El crecimiento económico sostenido ha sido muy difícil de obtener en México durante los últimos 30 años y abundan las explicaciones. La baja productividad laboral. La mala administración macroeconómica. El andamiaje institucional que dificulta los consensos. Pero quizás en el fondo la respuesta se halla -como sugiere Javier Beristain del Grupo Huatusco- en el sesgo subsidiador que gobierno tras gobierno despliega. El imperativo recurrente de la redistribución por encima del crecimiento. El énfasis en darle cosas a los pobres, ya sea a través de Pronasol o Procampo, en vez de generar las condiciones de dinamismo económico y movilidad social que les permitirían crear riqueza. Y los resultados contraproducentes de esta postura reiterada son obvios: la falta de crecimiento en la economía formal lleva a la explosión de franeleros, ambulantes, vende-chicles y personas para las cuales la economía informal se ha vuelto una forma de vida. Creando así un país donde el 48 por ciento de los que nacen en la pobreza morirán en ella; donde la probabilidad de pasar de pobre a rico en una generación es de sólo 4 por ciento.

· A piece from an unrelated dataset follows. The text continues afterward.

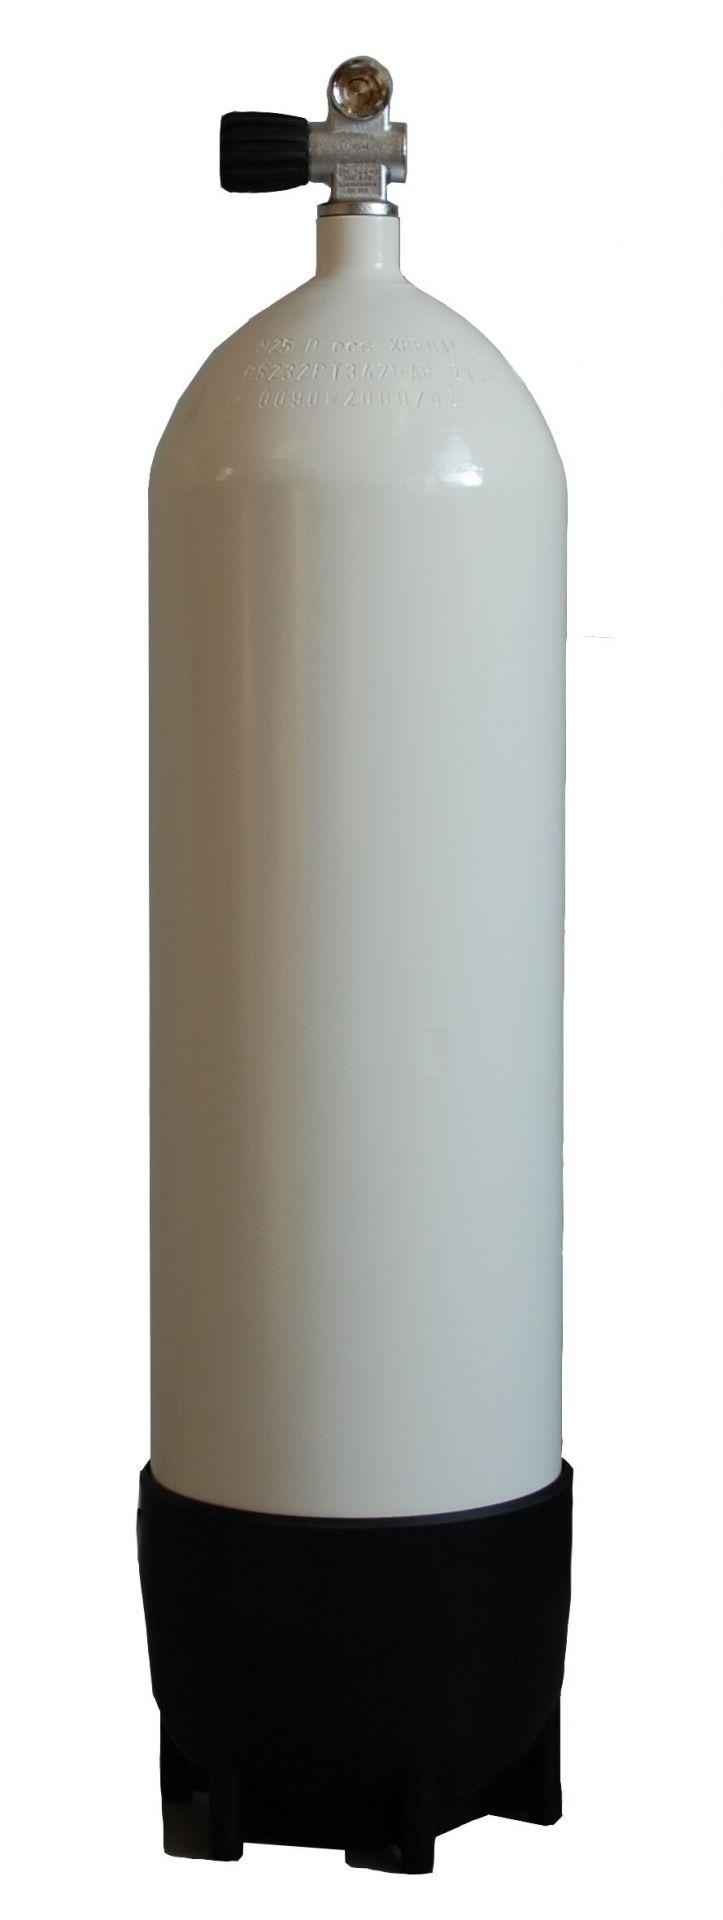 FABER - Tauchgerät 200Bar Stahlflasche Monoventil 12144 und Fuß

Por ello no sorprende el espectro permanente de la inestabilidad que mantiene al gobierno sin dormir. Lo paradójico es que la insatisfacción social -producto de la desigualdad- a la que tanto le teme el equipo calderonista es consecuencia de su propia actuación y la de sus predecesores. Santiago Levy lo explica en Good Intentions, Bad Outcomes: Social Policy, Informality and Economic Growth in Mexico. El país ha caído en un círculo vicioso en el cual, para evitar la inestabilidad social, el gobierno le da prioridad a políticas compensatorias que atacan los efectos pero no las causas del letargo económico. Y como la economía no crece, hay cada vez más personas que podrían producir la inestabilidad social que al gobierno le preocupa, pero que su comportamiento alienta. El imperativo de la “paz social” lleva a decisiones económicas para asegurar su preservación, que acaban poniéndola en jaque. La política económica que busca, en teoría, paliar la pobreza, termina exacerbándola.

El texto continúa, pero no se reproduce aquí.